Extracted information:
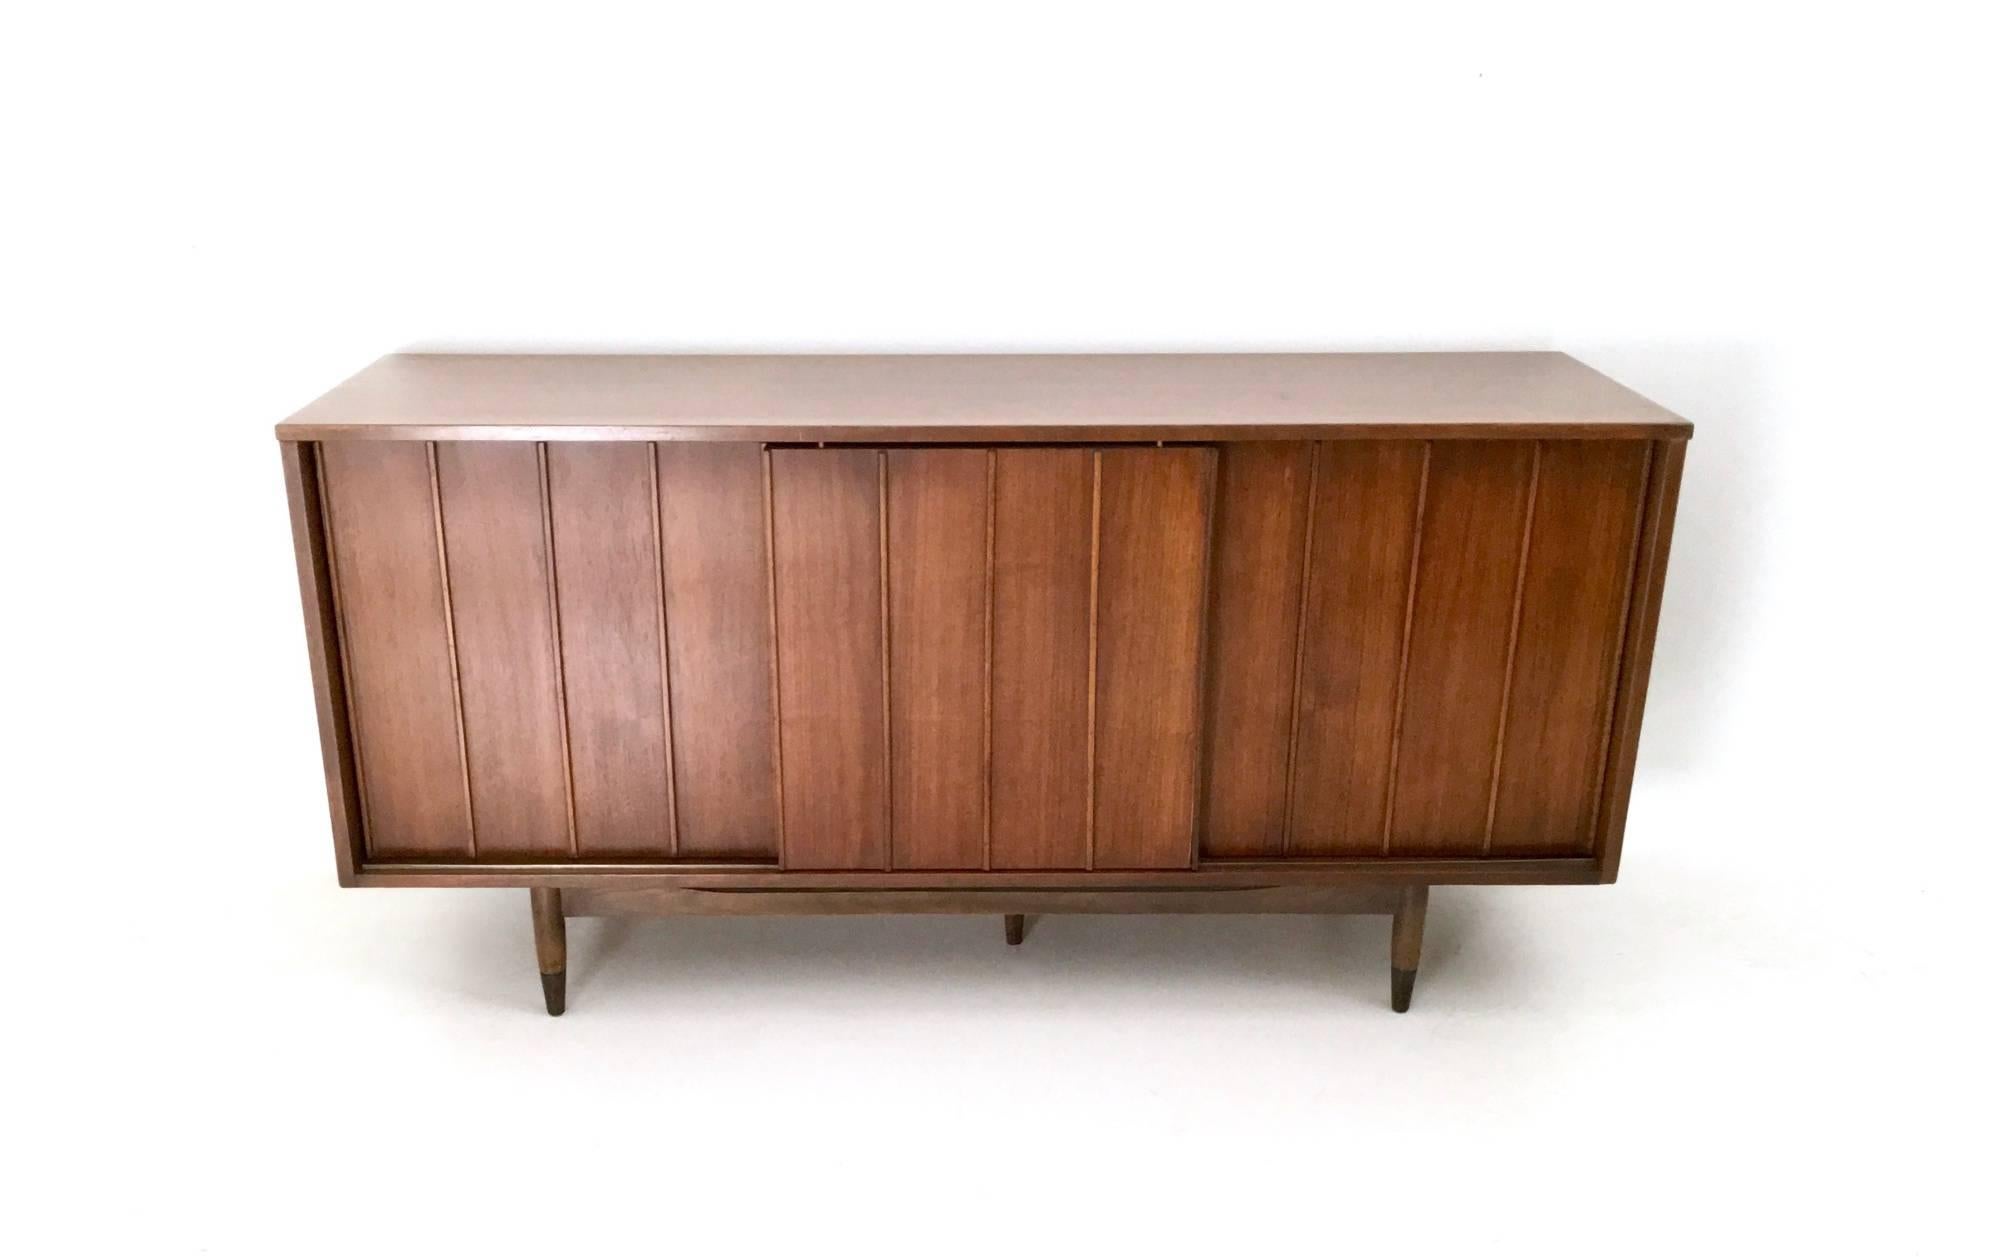 Made in walnut and braided bamboo.
Its doors are double-sided, combinable as you like.
This sideboard has an extractable shelf, that was probably designed as a TV stand, a glass shelf and three drawers.
In excellent original condition and ready
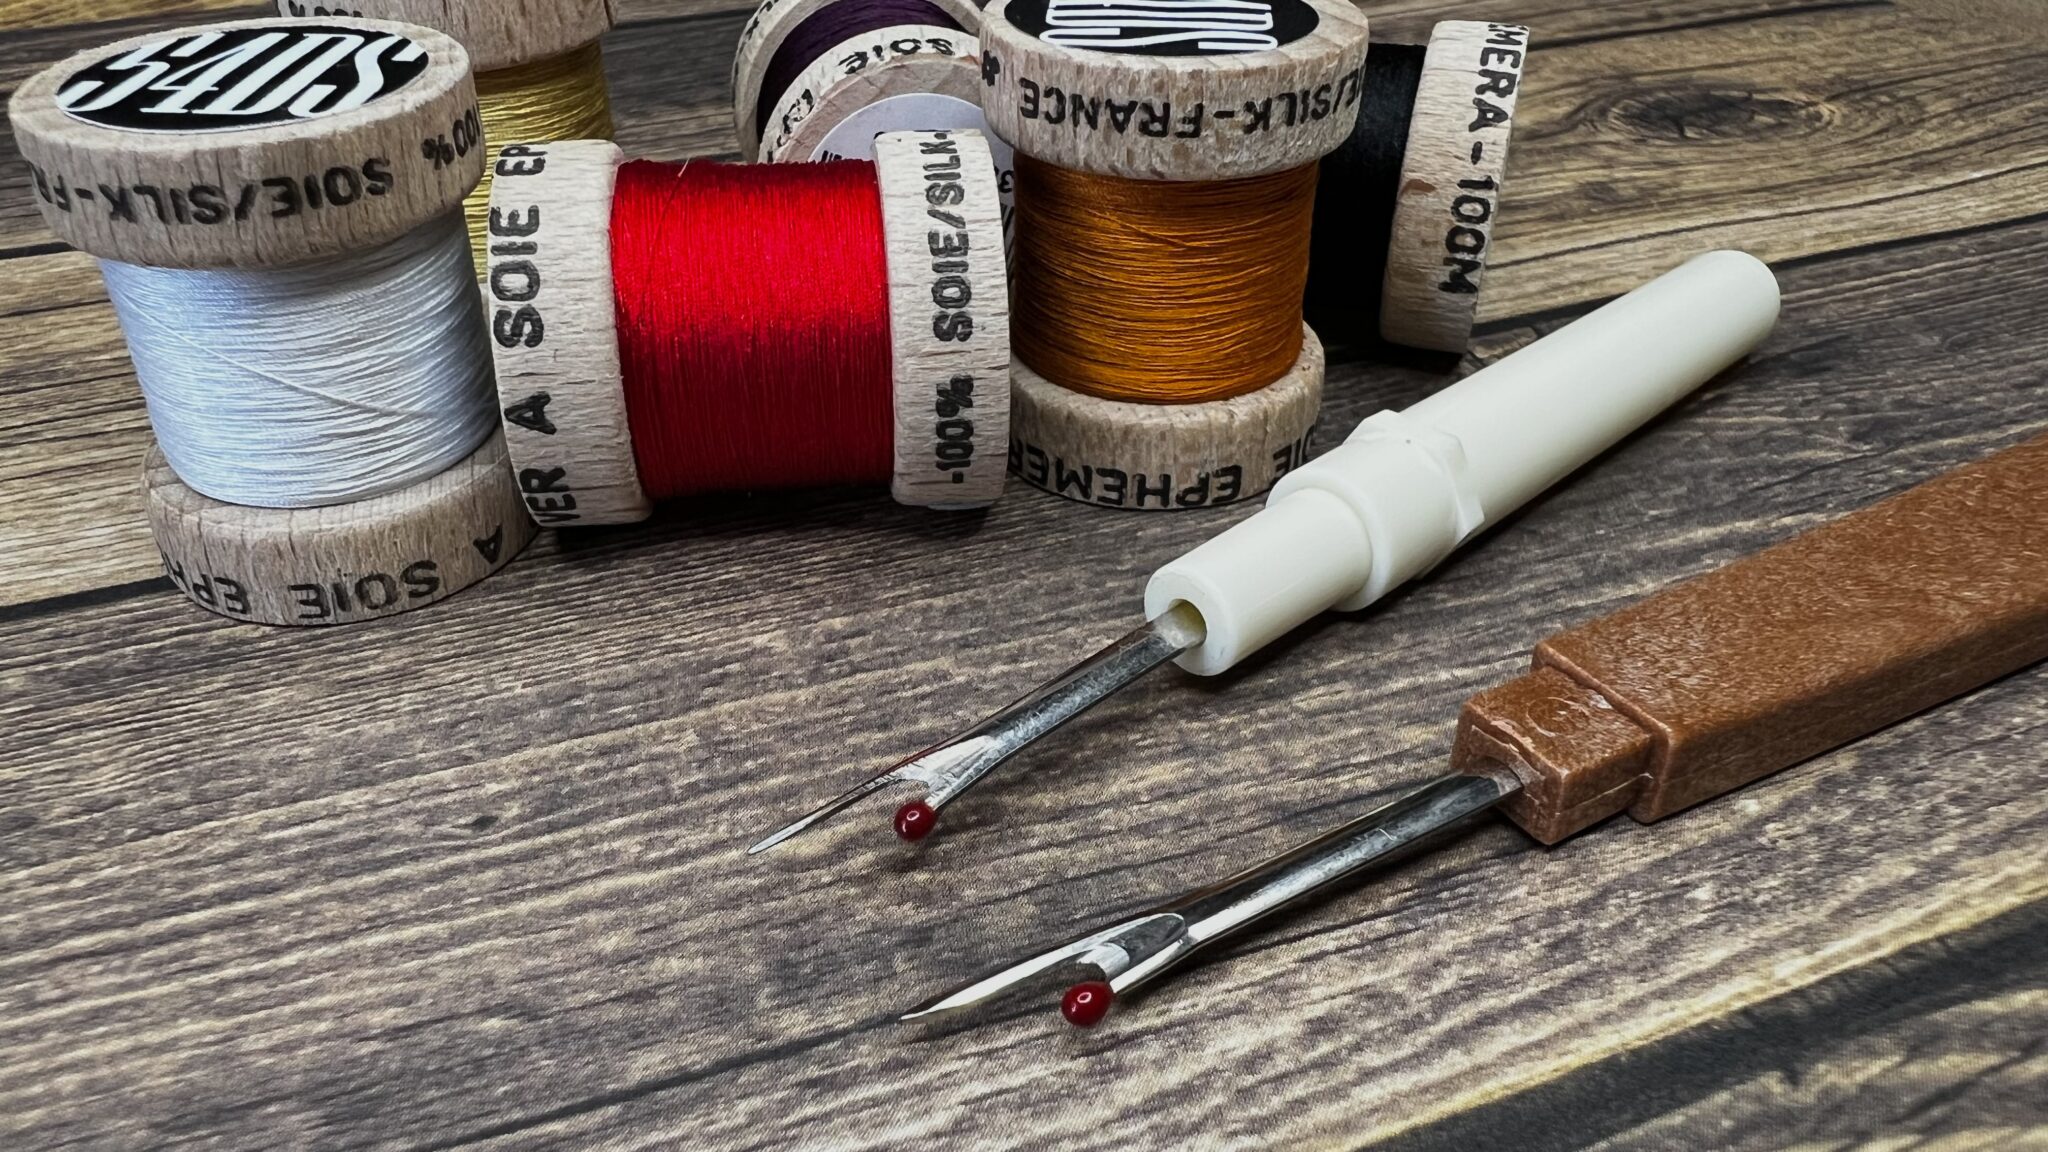 Use a Seam Ripper to Cut your Fly-Tying Thread

Your instructions: Your output must match the records word for word, apart from the images, which are left out.

Answer for the task:
 Made in walnut and braided bamboo.
Its doors are double-sided, combinable as you like.
This sideboard has an extractable shelf, that was probably designed as a TV stand, a glass shelf and three drawers.
In excellent original condition and ready
 Use a Seam Ripper to Cut your Fly-Tying Thread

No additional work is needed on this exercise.